-------- Material provided
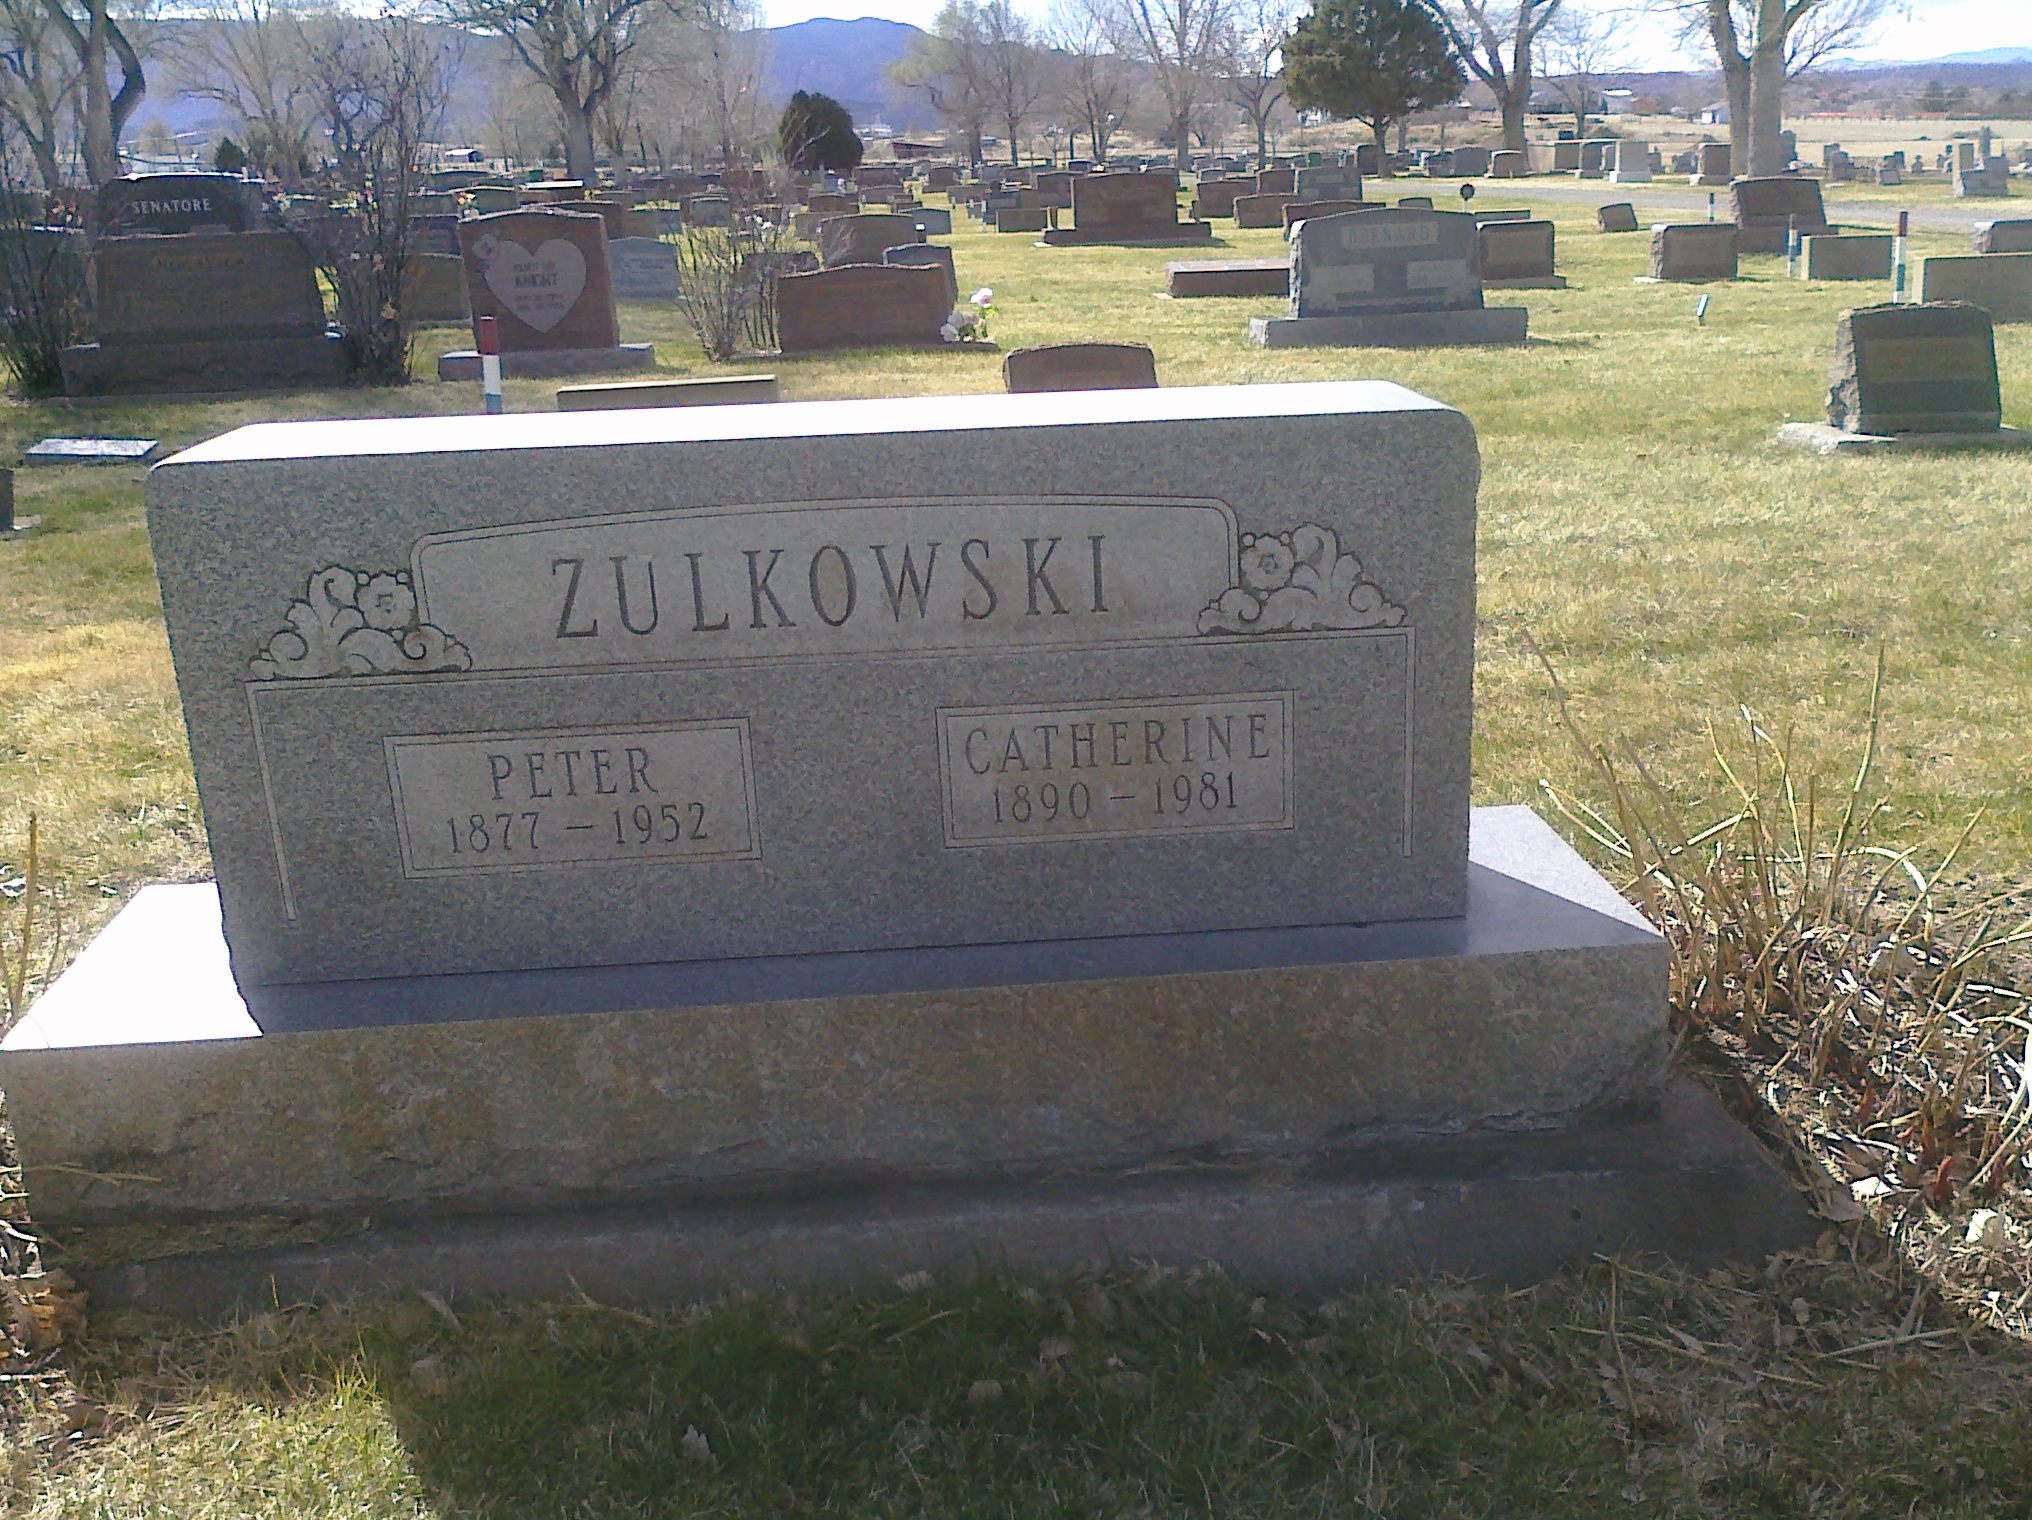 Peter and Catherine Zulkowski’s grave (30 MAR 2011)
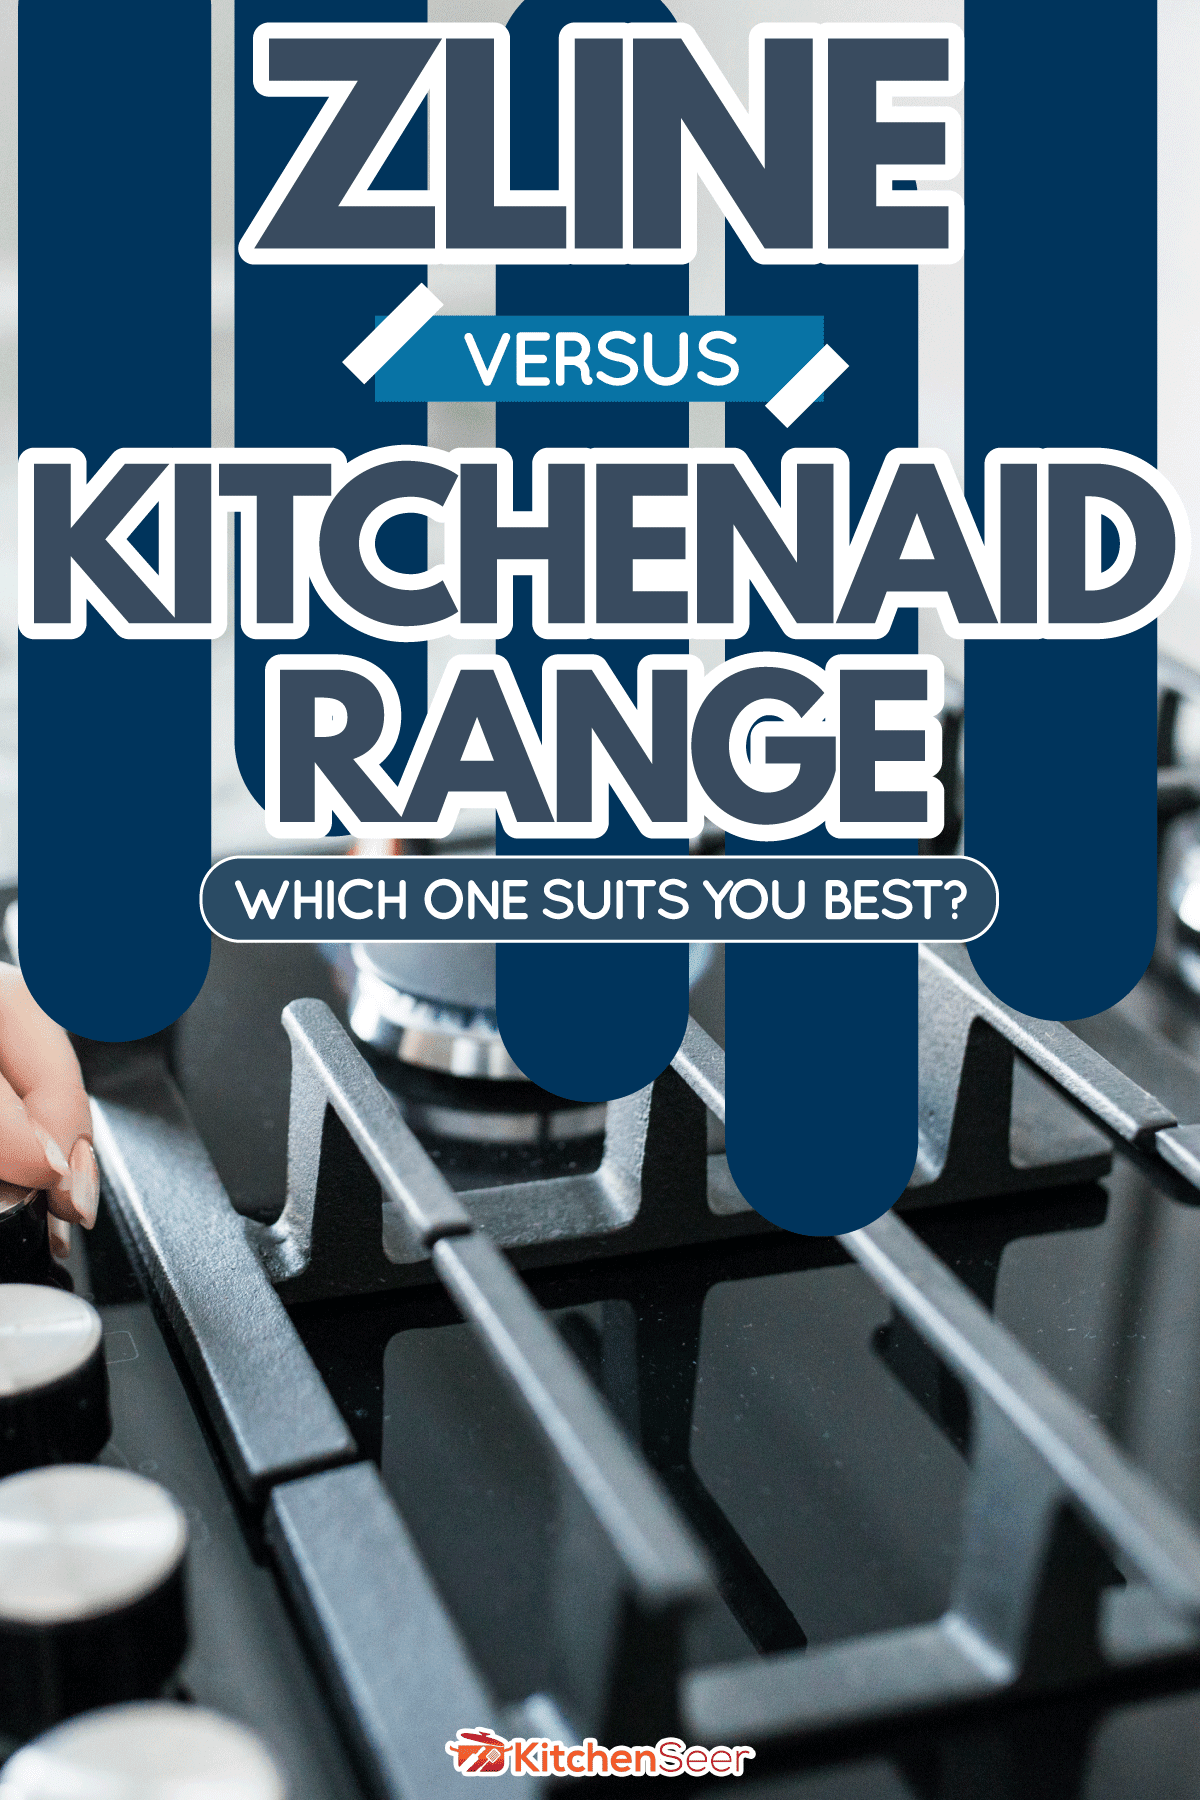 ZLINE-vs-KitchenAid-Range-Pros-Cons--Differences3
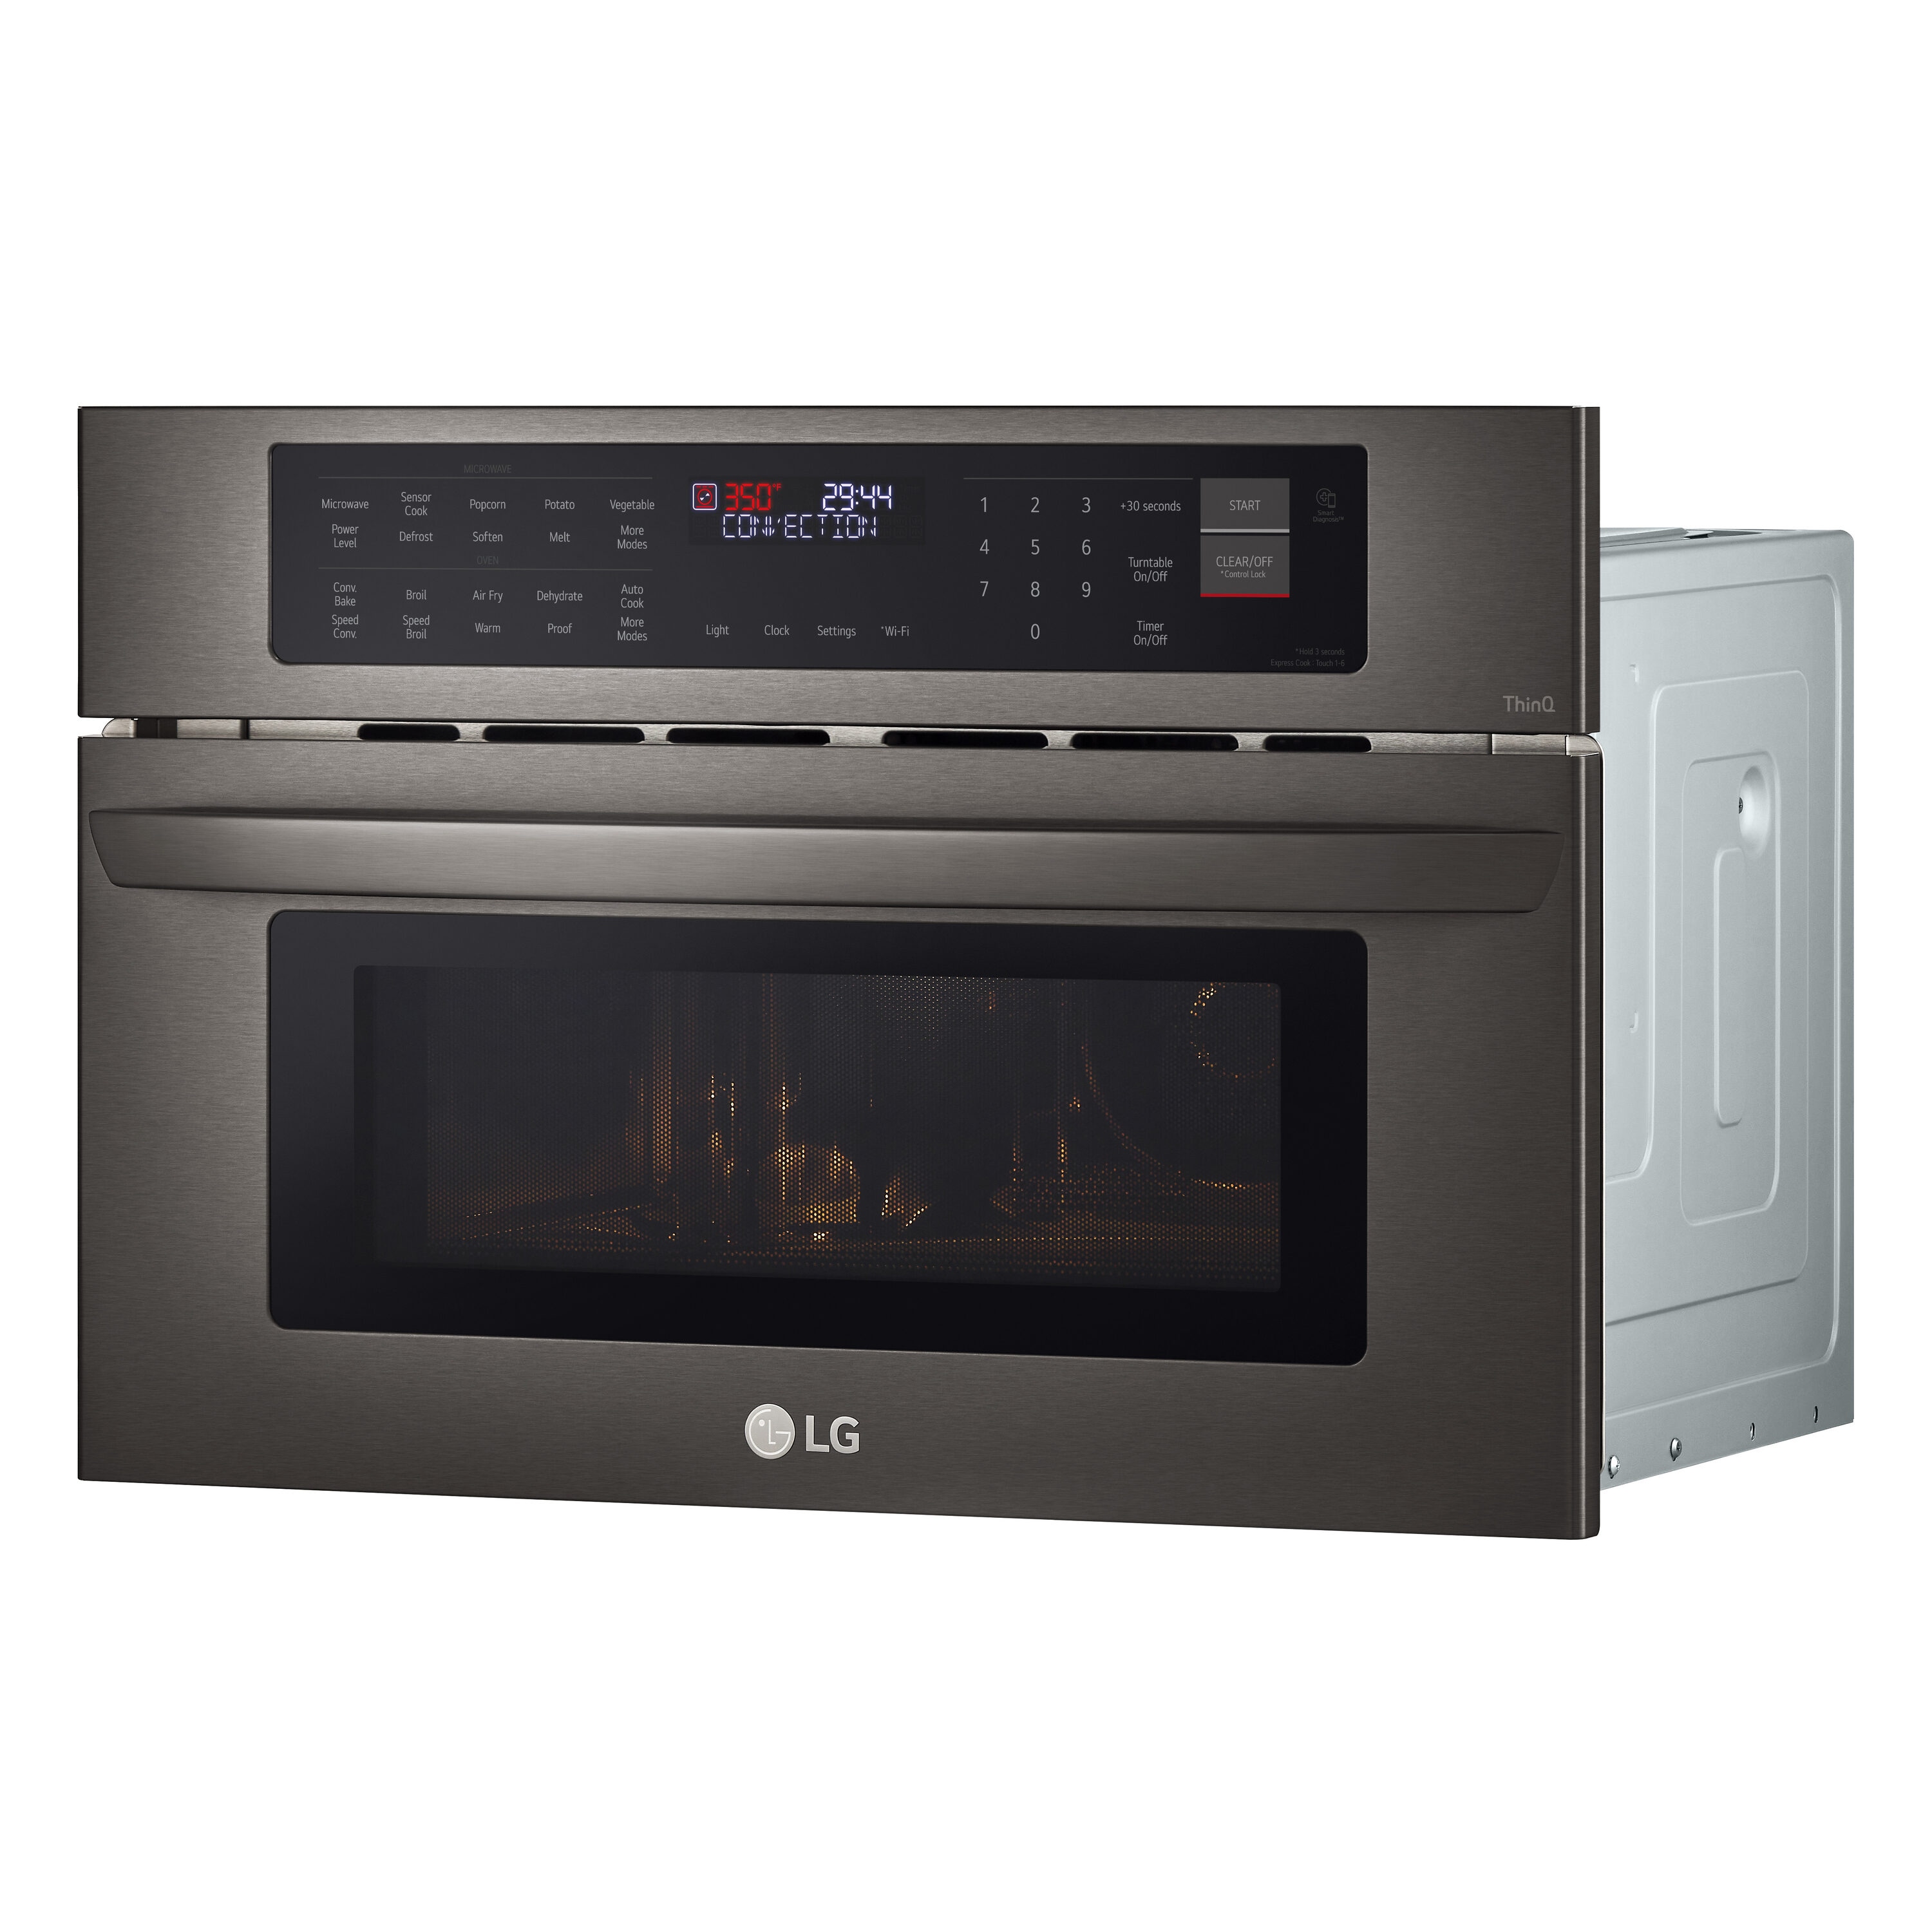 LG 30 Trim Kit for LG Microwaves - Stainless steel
----------------
Assignment:
Copy the material exactly. Do not include the pictures.

Task response:
 Peter and Catherine Zulkowski’s grave (30 MAR 2011)
 ZLINE-vs-KitchenAid-Range-Pros-Cons--Differences3
 LG 30 Trim Kit for LG Microwaves - Stainless steel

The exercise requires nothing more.